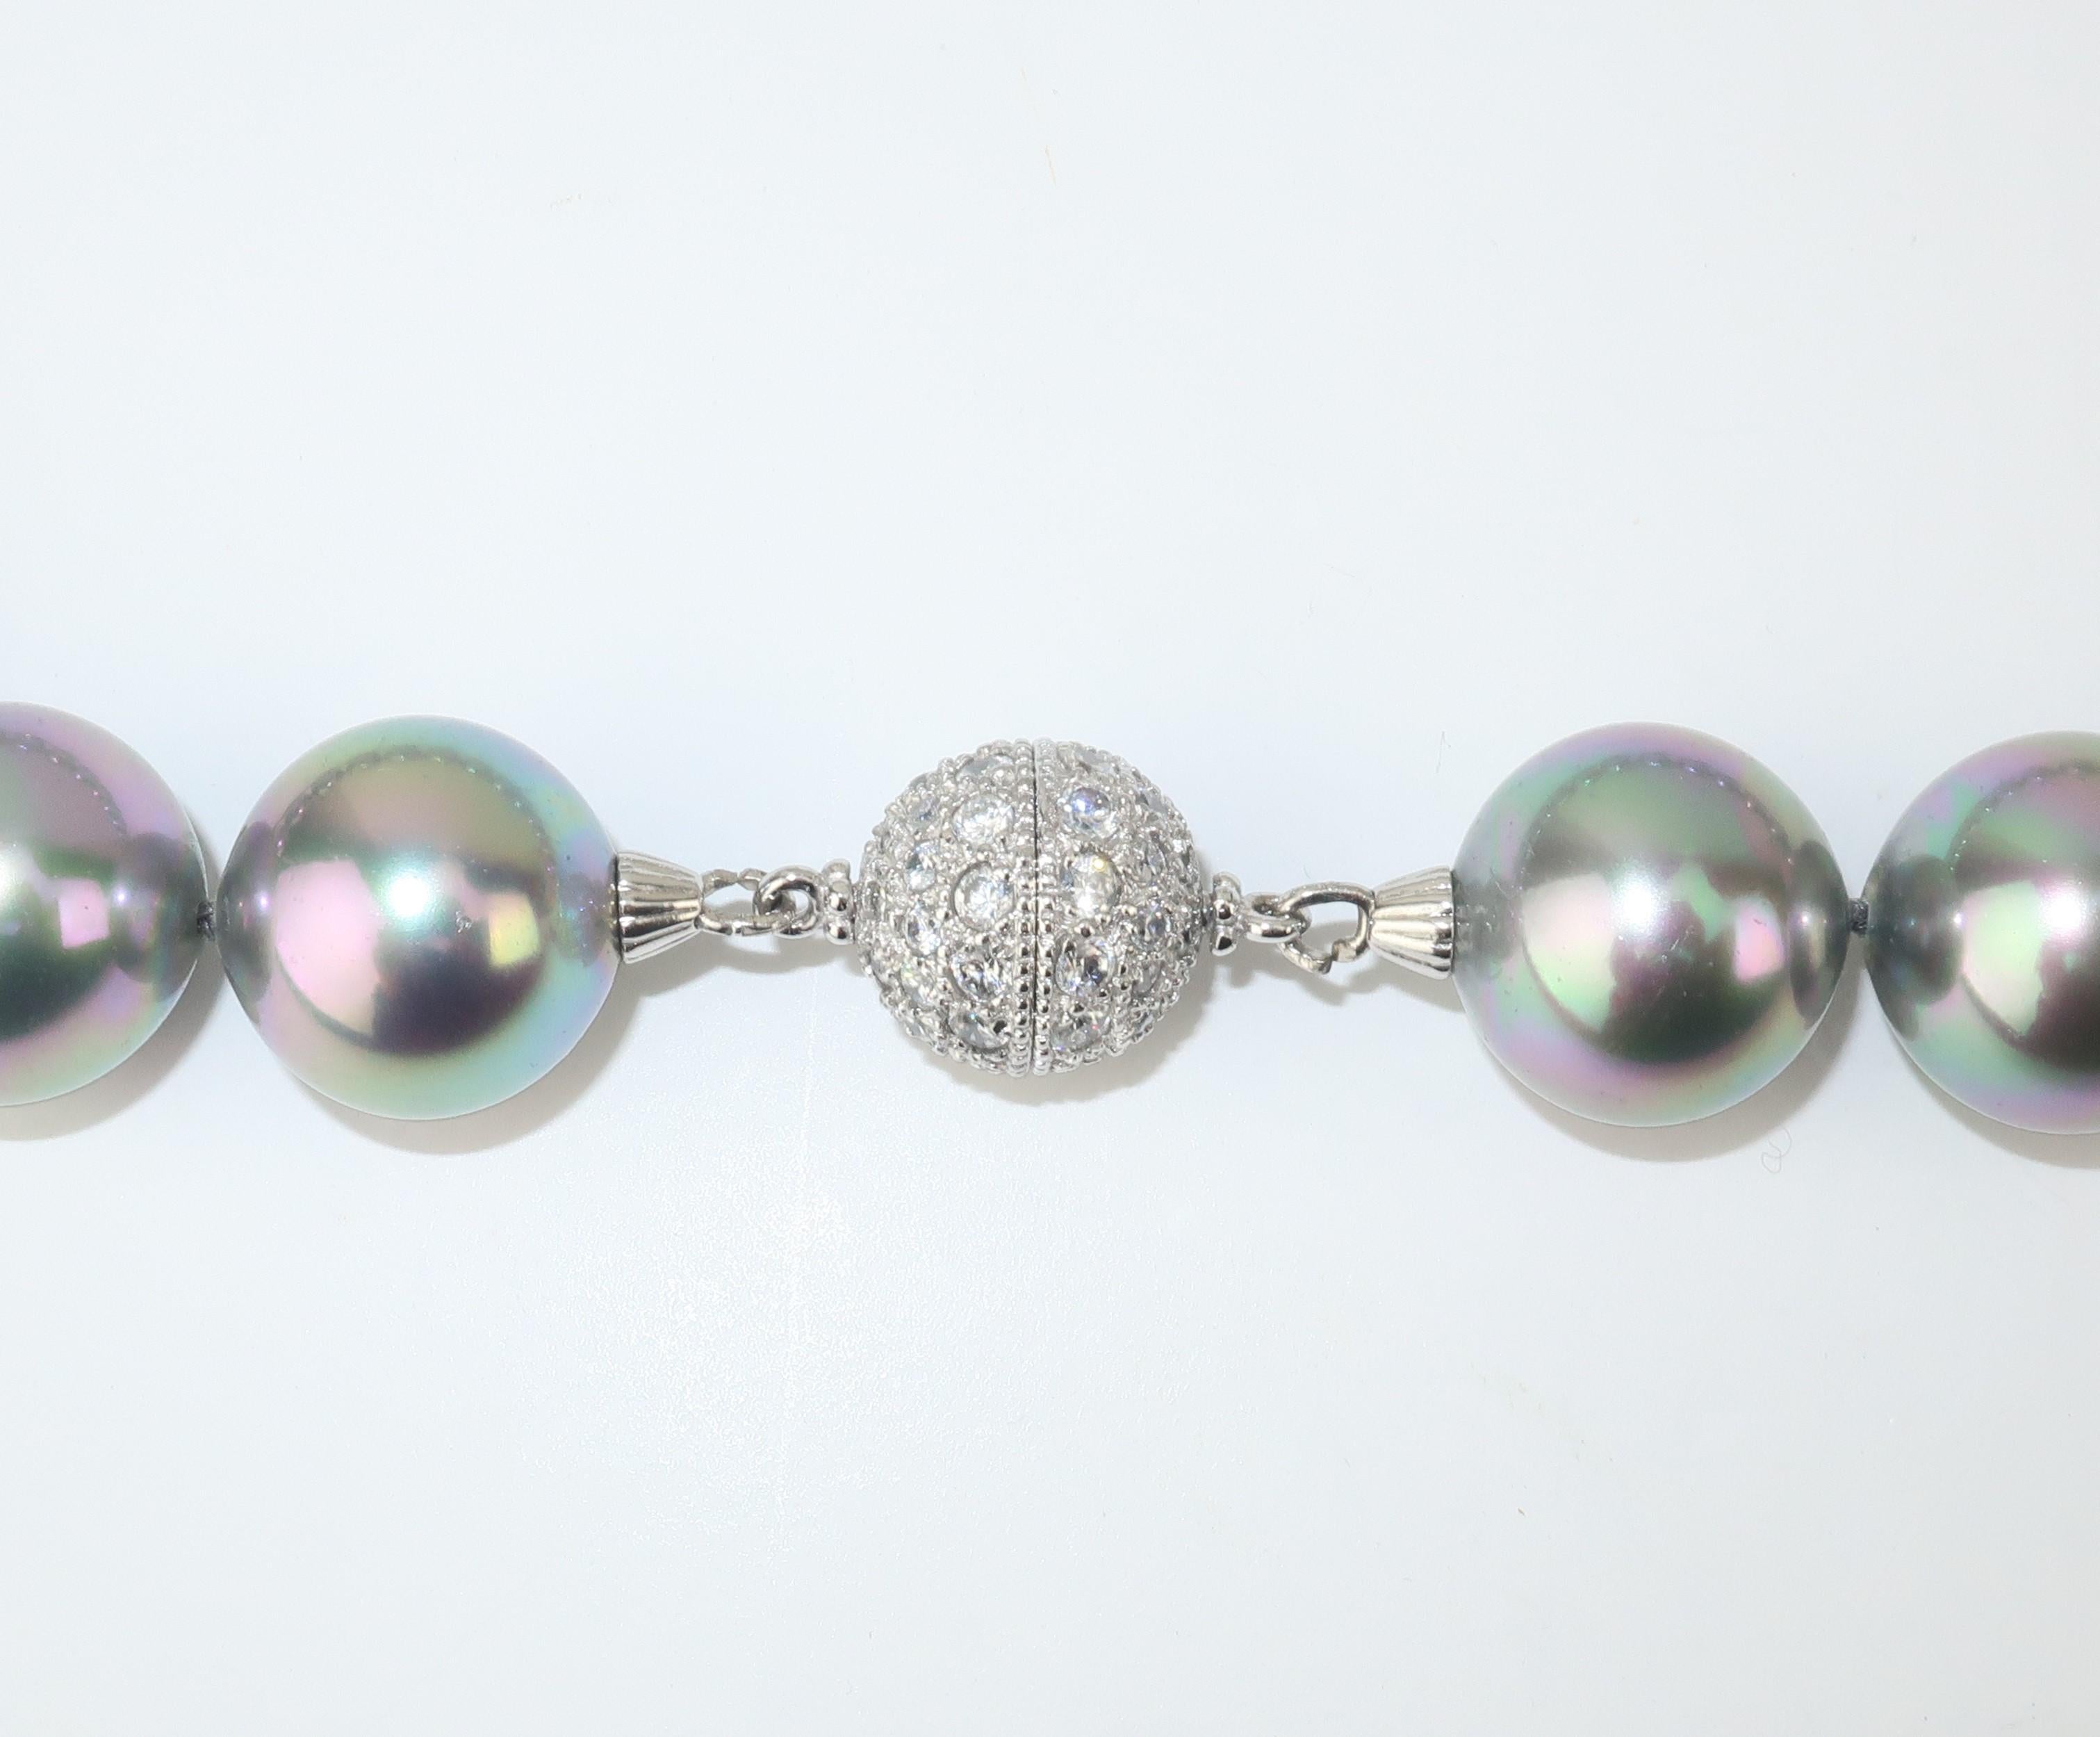 Faux Gray Pearl Choker Necklace With Rhinestone Closure In Good Condition For Sale In Atlanta, GA
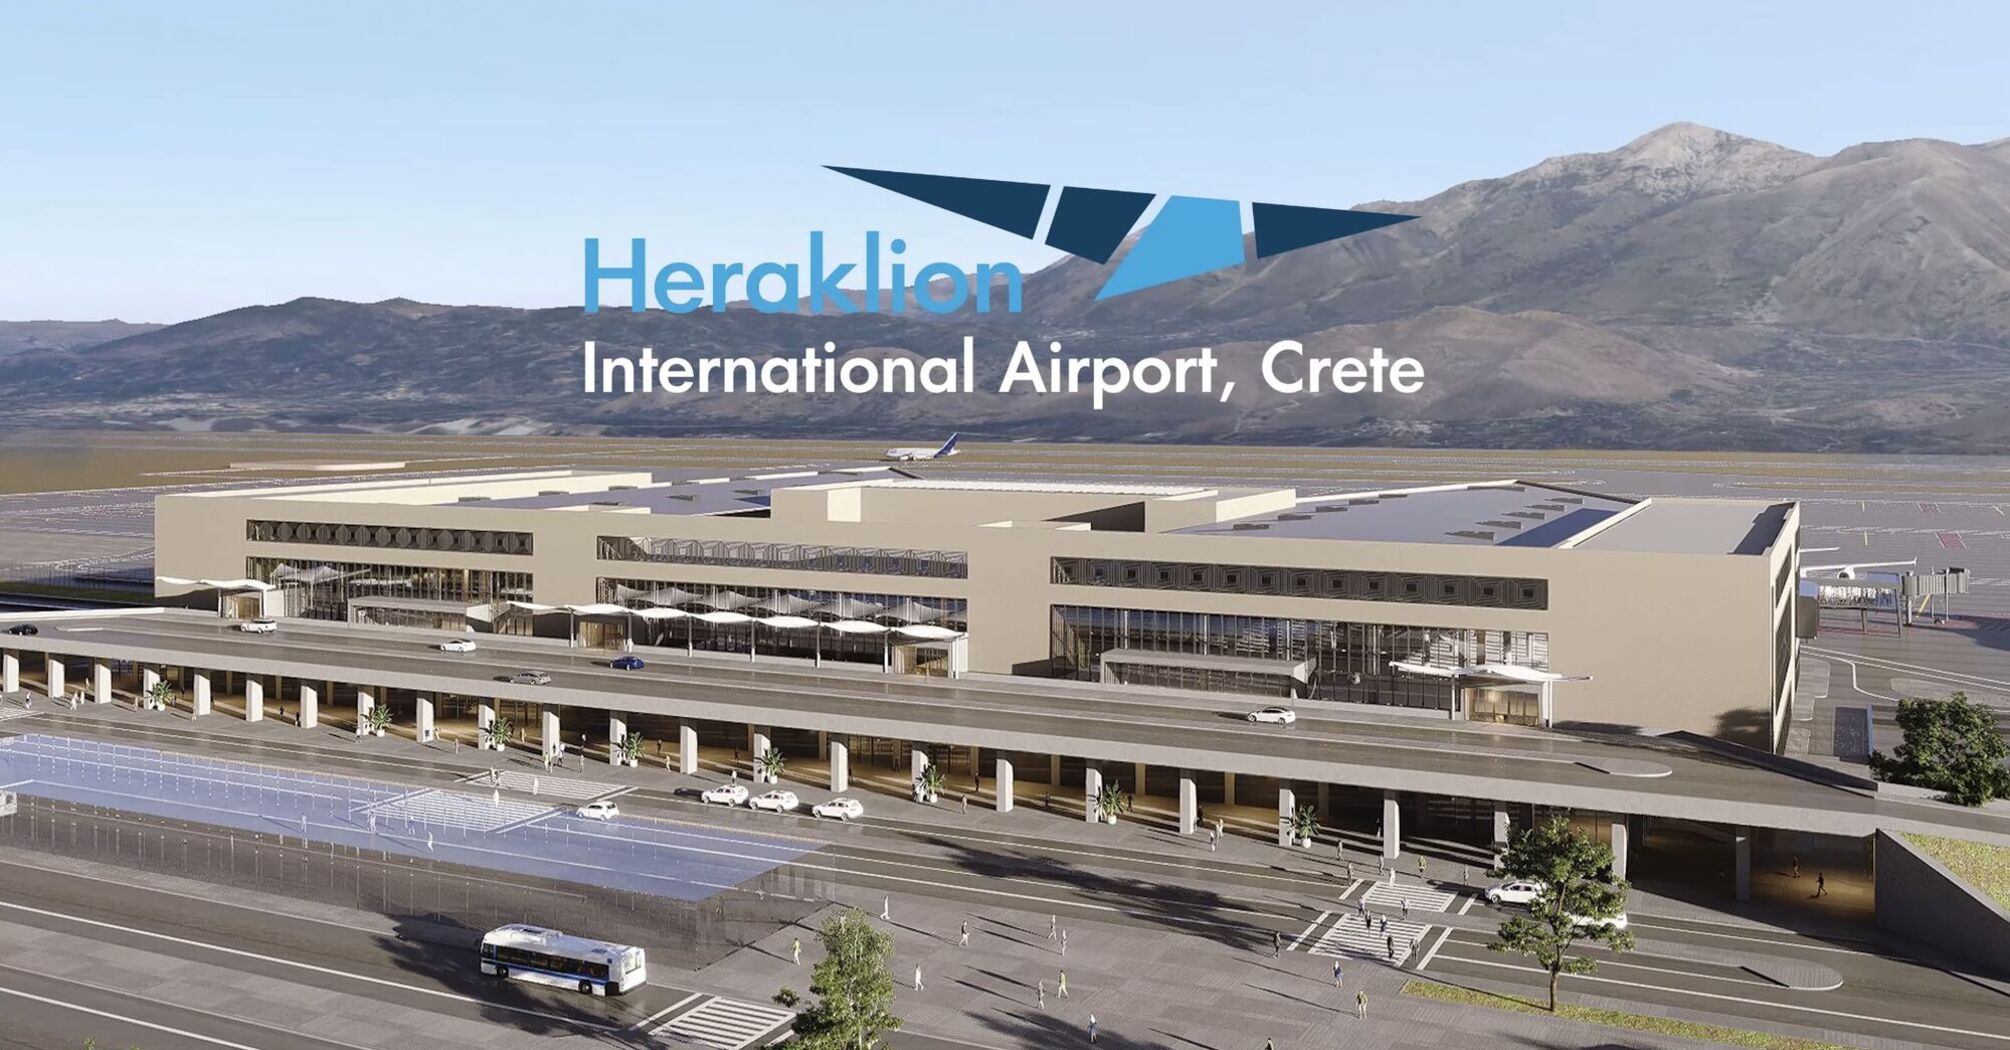 Heraklion Airport in Crete
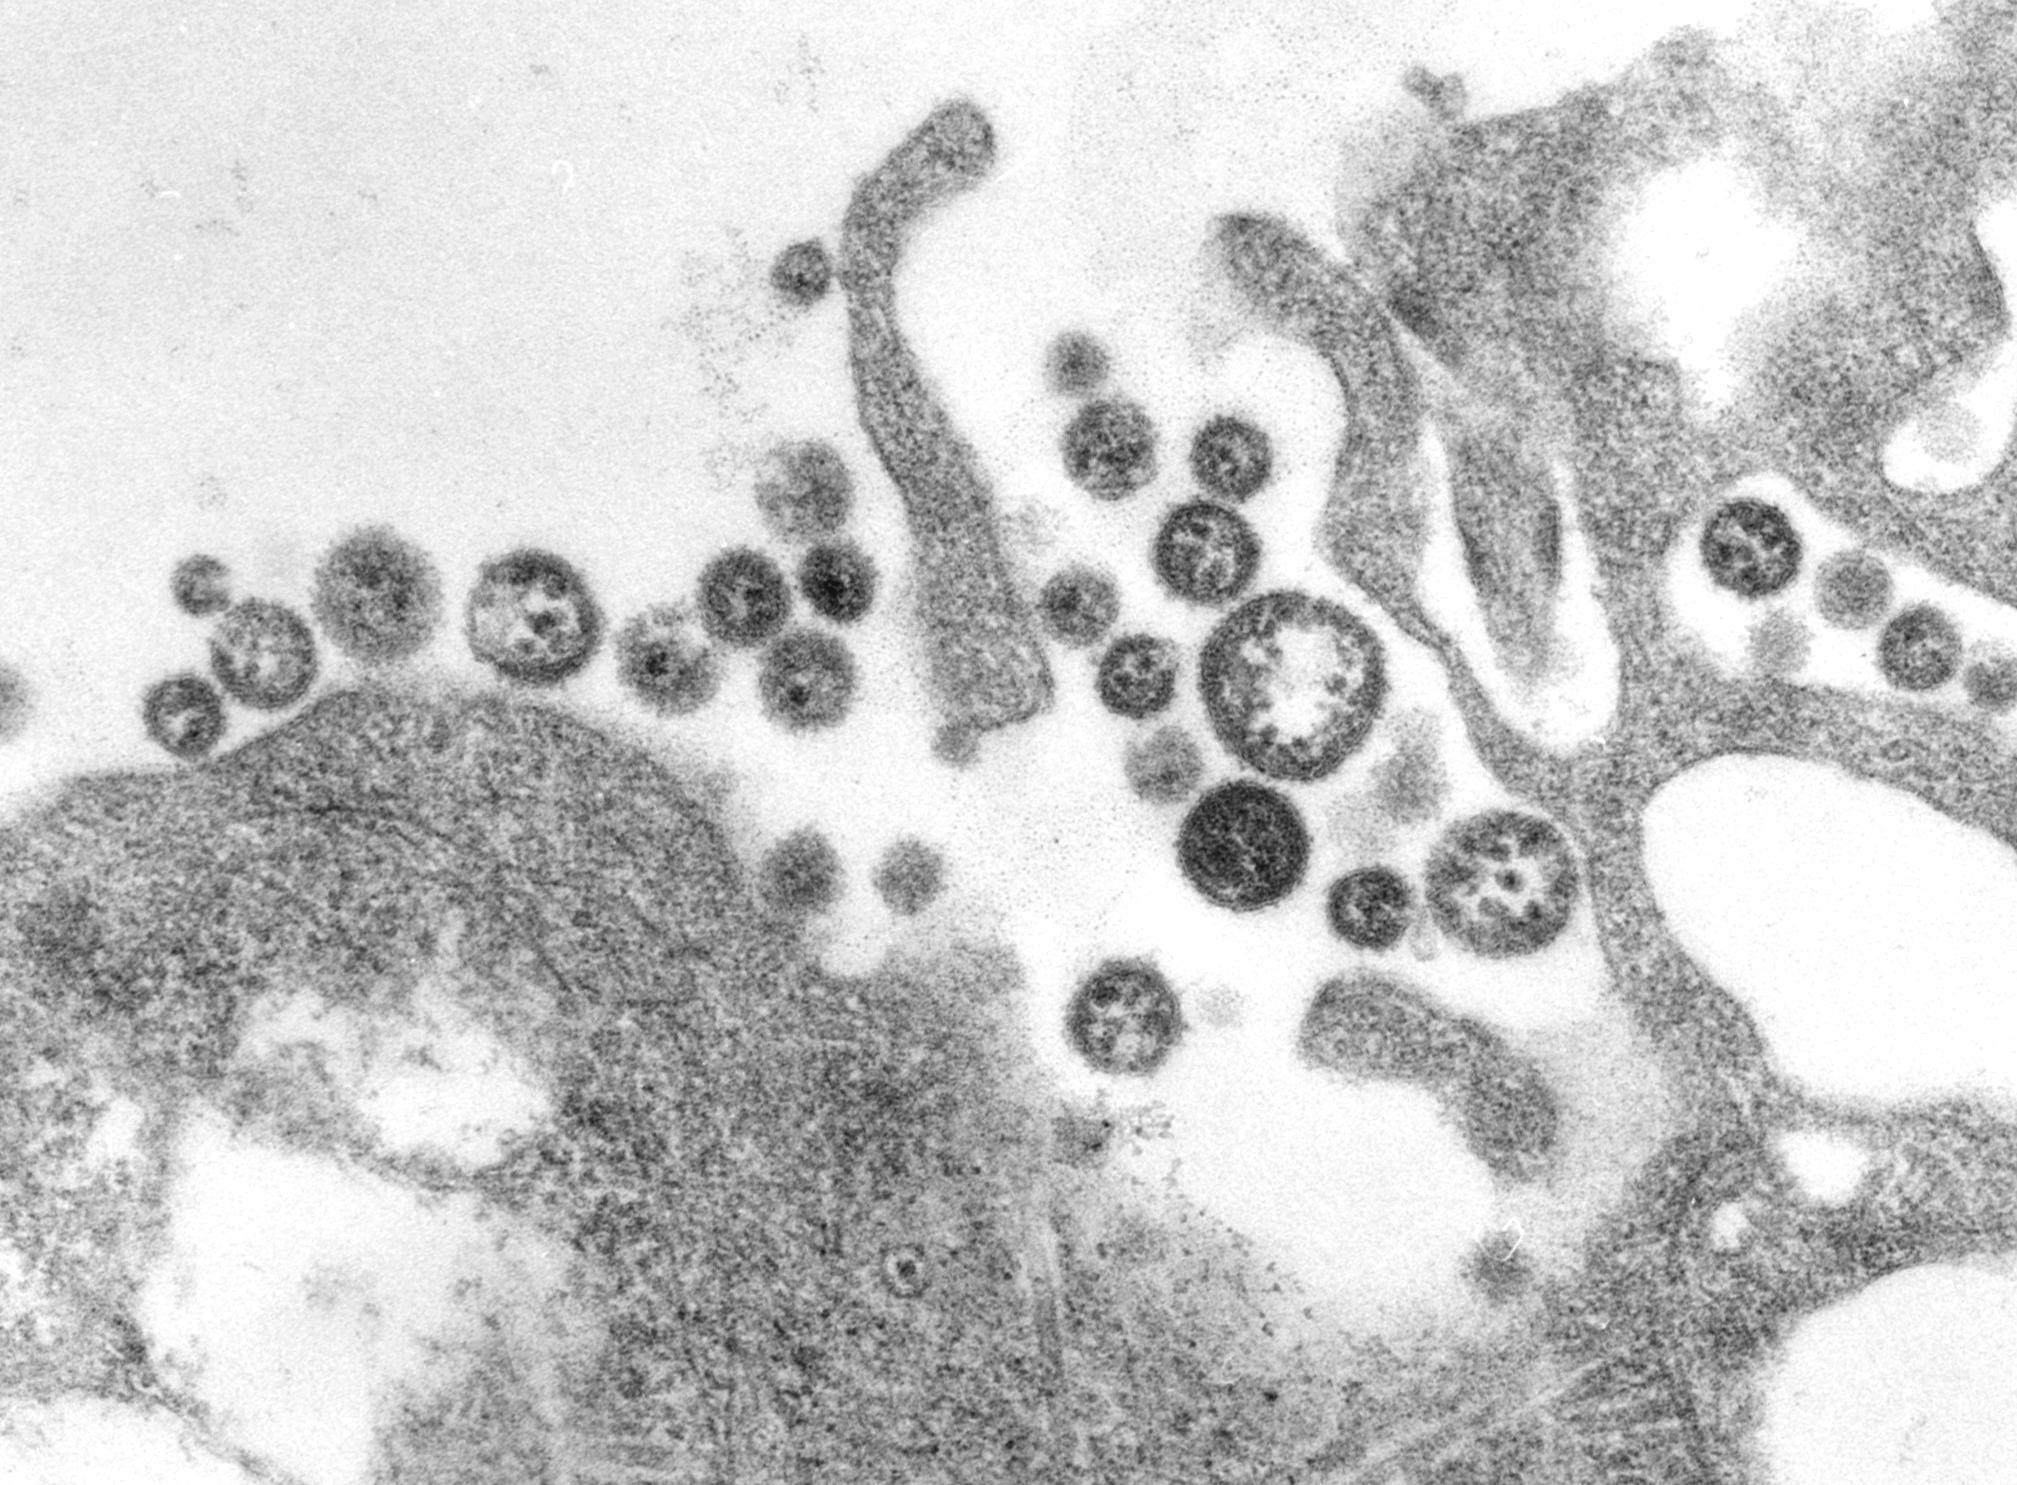 Electron micrograph of lassa virus virions

────

[Task objective]: Leaving all pictures aside, print exactly the lines from the one that contains "Heraklion Airport in Crete" through the last line of the data above, inclusive.

[Response to this task]:
 Heraklion Airport in Crete
 Electron micrograph of lassa virus virions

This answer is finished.